Question

Find the number of terms of the AP. $64,60,56,....$ having sum $544$.

Answer 1

Step 1. Find the possible values of $n$:

Here, the AP is $64,60,56,....$

The first term, $a=64$ and common difference, $d=64-60=-4$ .

Let $n$ terms of the AP must be taken, then

$S_n=544$

We know that the sum of first $n^{th}$ terms of an AP is, $S_n=\frac{n}{2}\left[2a+(n-1)d\right]$.

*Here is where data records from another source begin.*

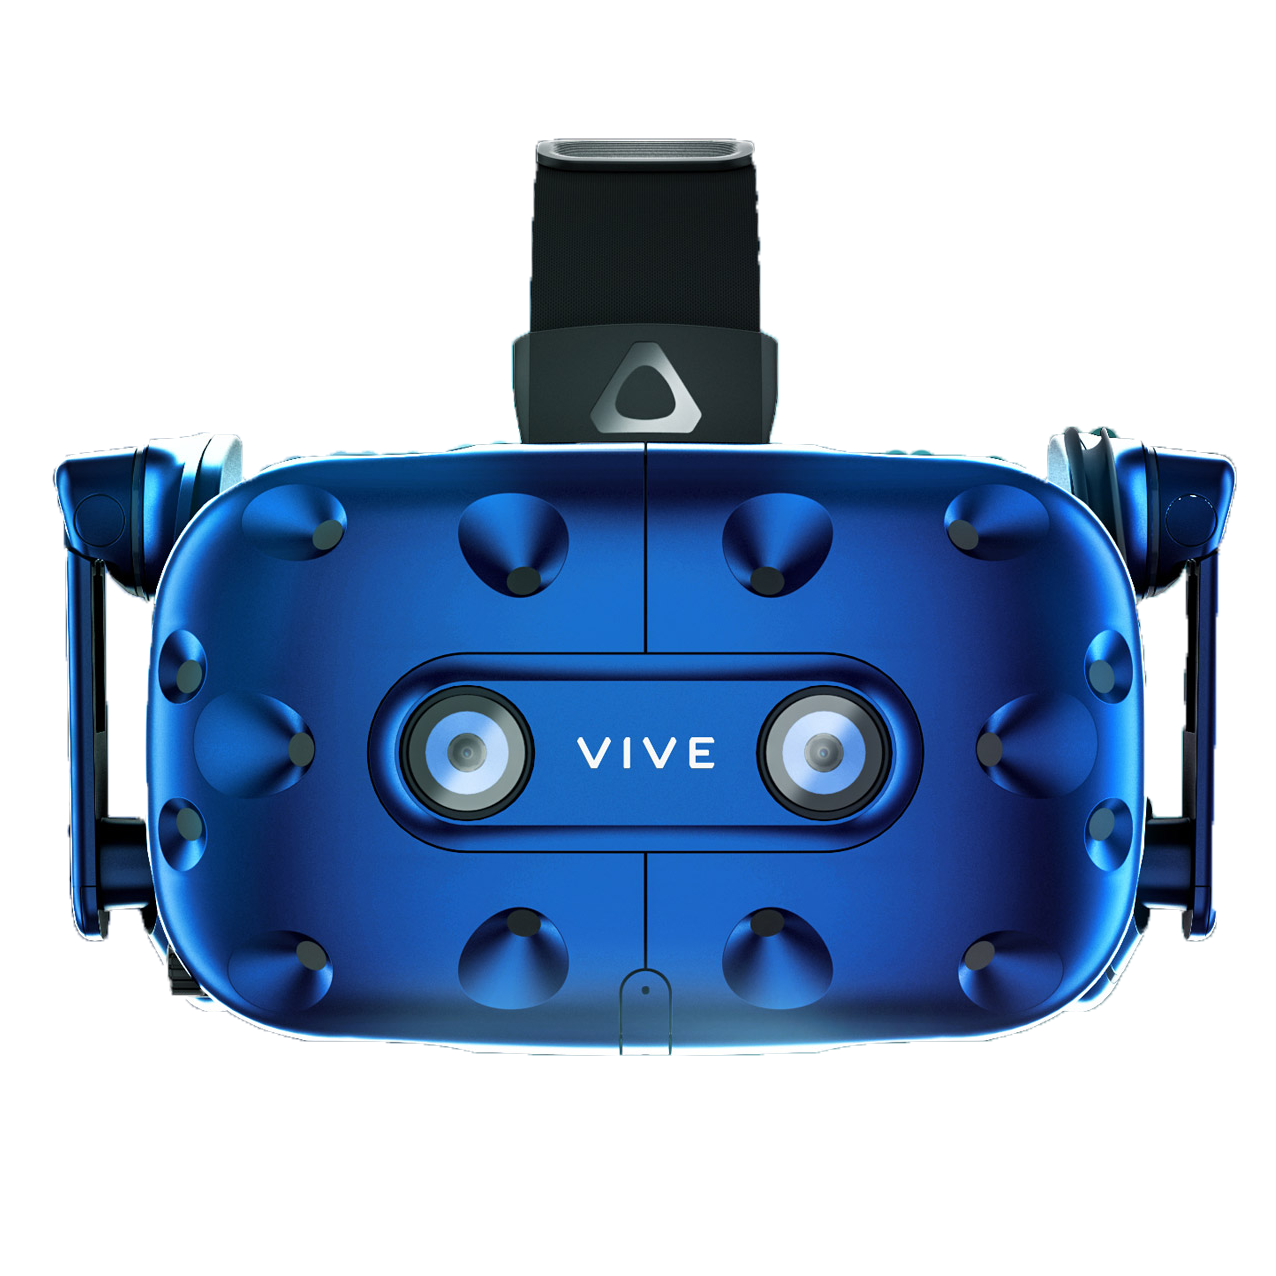 Очки виртуальной реальности HTC Vive Pro Headset
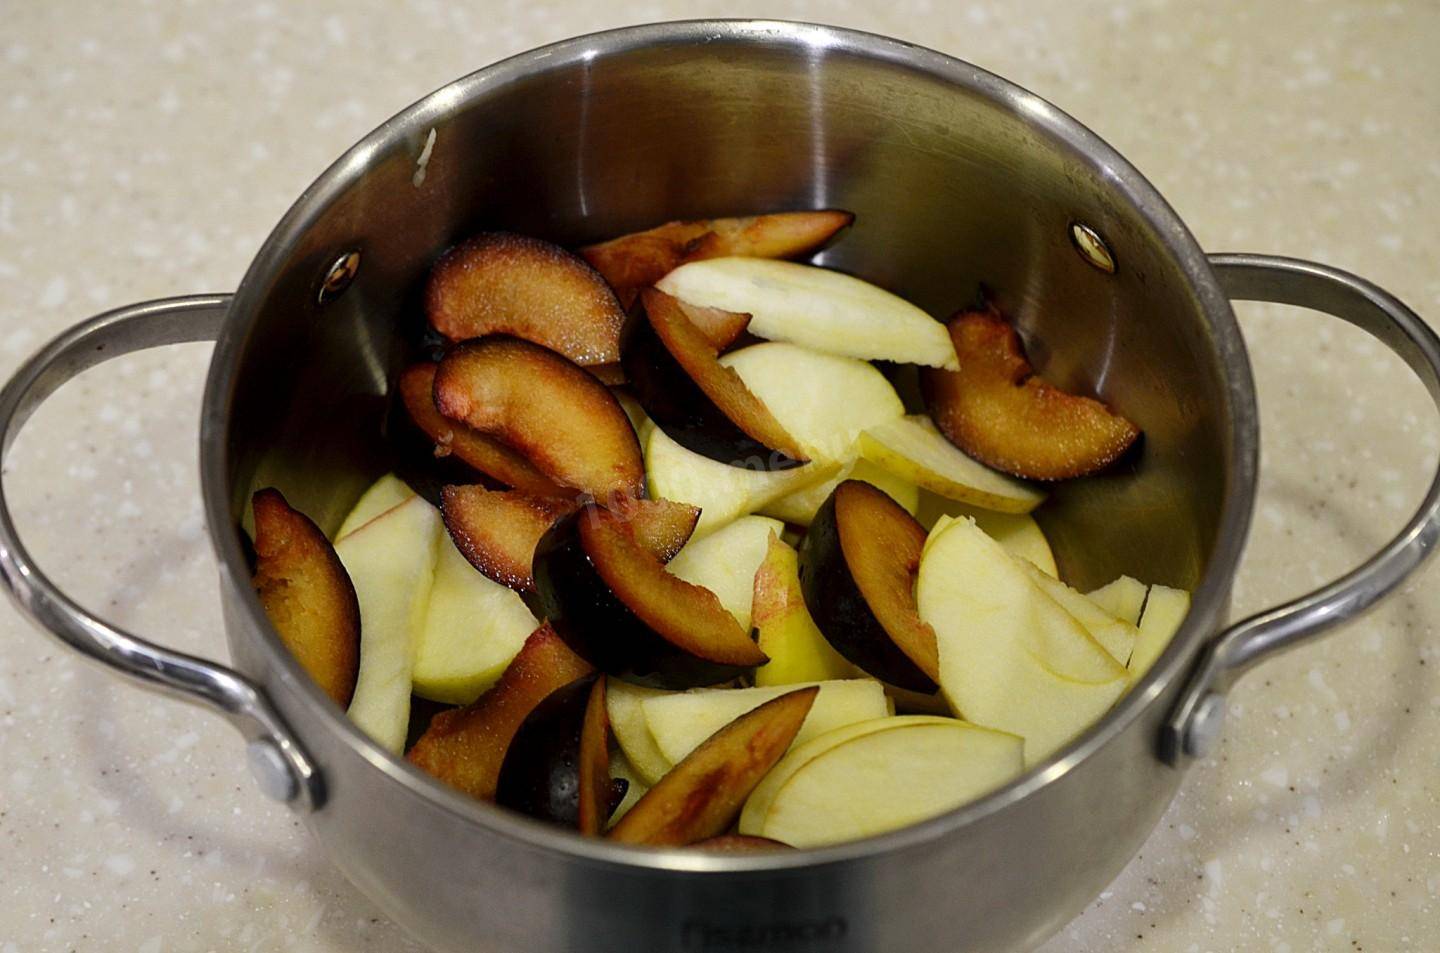 Компот из яблок на зиму - как приготовить пошагово по рецептам с фото и законсервировать в банках
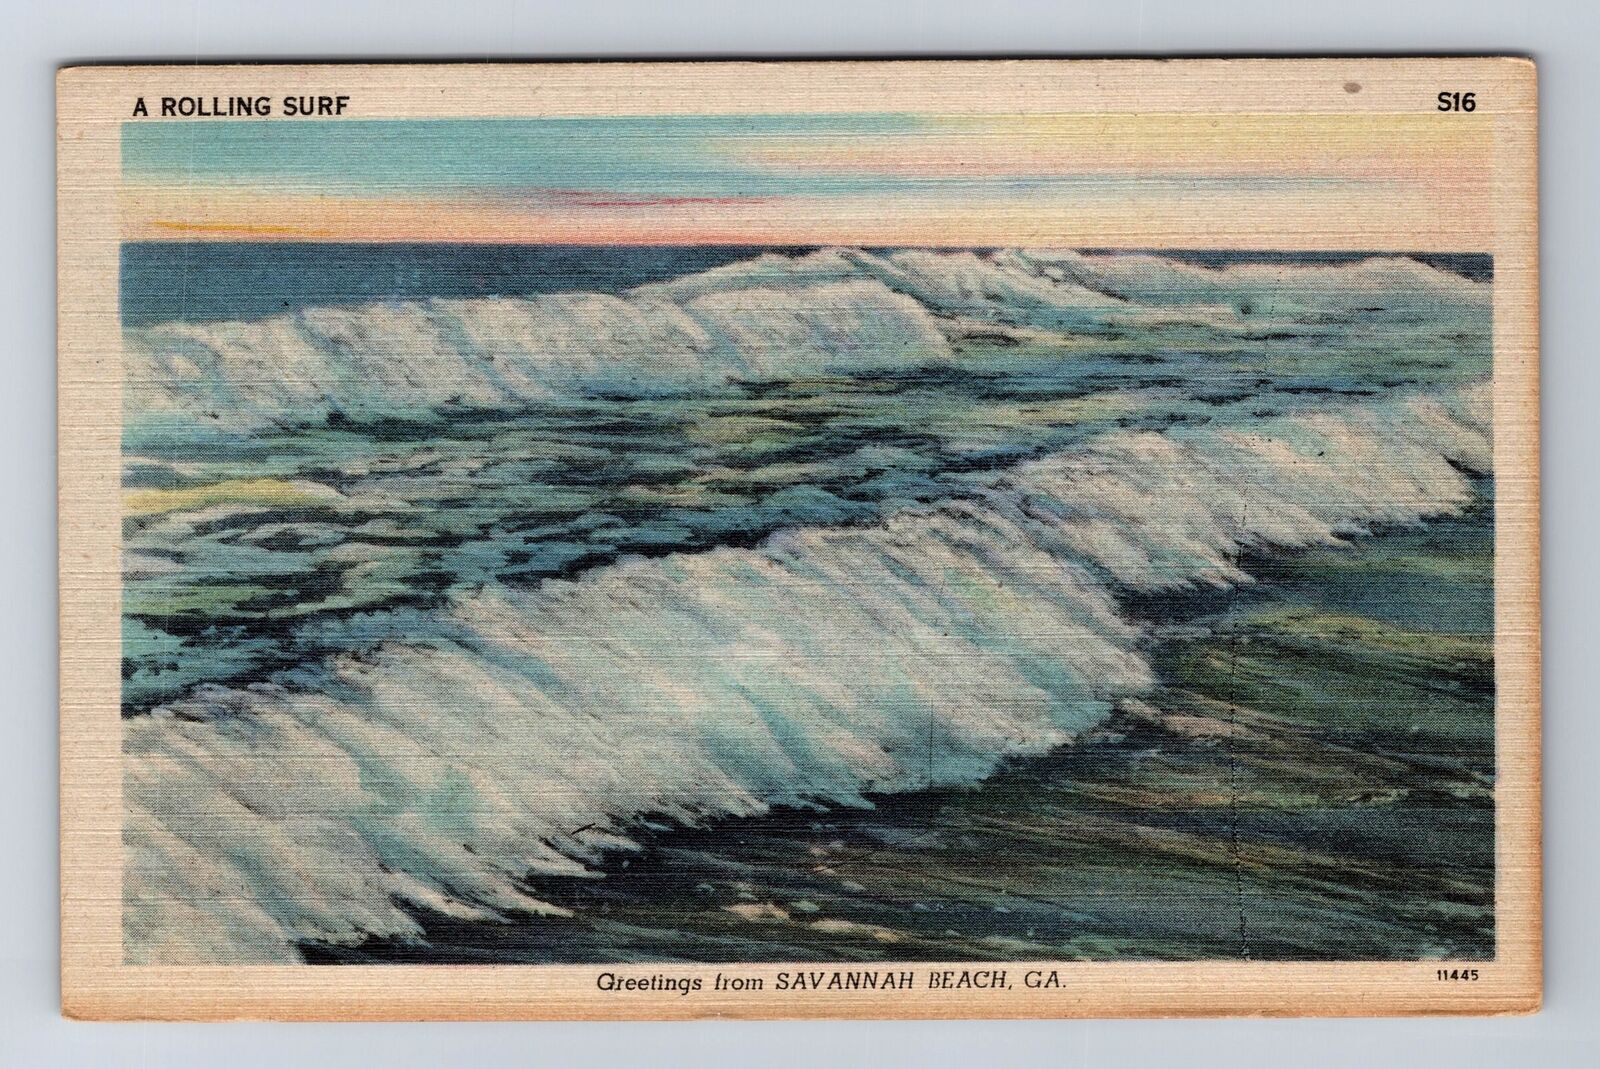 Savannah Beach CA-California, General Greetings, Rolling Surf Vintage Postcard

$\begin{array}{cc}\Rightarrow & \frac{n}{2}\left[2\times 64+(n-1)\times (-4)\right]=544\\ \Rightarrow & \frac{n}{2}\left[128-4(n-1)\right]=544\\ \Rightarrow & \frac{n}{2}\left[128-4n+4)\right]=544\\ \Rightarrow & n\left[132-4n\right]=1088\\ \Rightarrow & 132n-4n^2=1088\end{array}$

On further simplification,

$\begin{array}{cc}\Rightarrow & 4n^2-132n+1088=0\\ \Rightarrow & n^2-33n+272=0\\ \Rightarrow & n^2-16n-17n+272=0\\ \Rightarrow & n(n-16)-17(n-16)=0\\ \Rightarrow & (n-16)(n-17)=0\end{array}$

$\begin{array}{cc}\Rightarrow & (n-16)=0\text{and}(n-17)=0\\ \Rightarrow & n=16\text{and}n=17\end{array}$

Step 2. Check at which term the sum of the AP is $544$:

Check for $n=16$.

Substitute $a=64,a_n=4,n=16$ in the equation $S_n=\frac{n}{2}\left[a+a_n\right]$ to find the value of $S_{16}$

$\begin{array}{rcl}& \Rightarrow & S_{16}=\frac{16}{2}\left[64+4\right]\\ & =& 8\times 68\\ & =& 544\end{array}$

Check for $n=17$

Substitute $a=64,a_n=4,n=17$ in the equation $S_n=\frac{n}{2}\left[a+a_n\right]$ to find the value of $S_{17}$

$\begin{array}{rcl}& \Rightarrow & S_{17}=\frac{17}{2}\left[64+0\right]\\ & =& \frac{17}{2}\times 64\\ & =& 17\times 32\\ & =& 544\end{array}$

Step 3. Find the value of ${17}^{th}$ term:

Substitute $64$ for $a,-4$ for $d$ and $17$ for $n$ in the equation $a_n=a+(n-1)d$, we get

$\begin{array}{rcl}& \Rightarrow & a_{17}=64+(17-1)(-4)\\ & =& 64-4\times 16\\ & =& 64-64\\ & =& 0\end{array}$

Therefore, the terms may be either $17$ or $16$ both hold true. The double answers are obtained because the ${17}^{th}$ term is zero and it does not affect the net sum.

Hence, the sum of first 16 and 17 numbers will be $544$.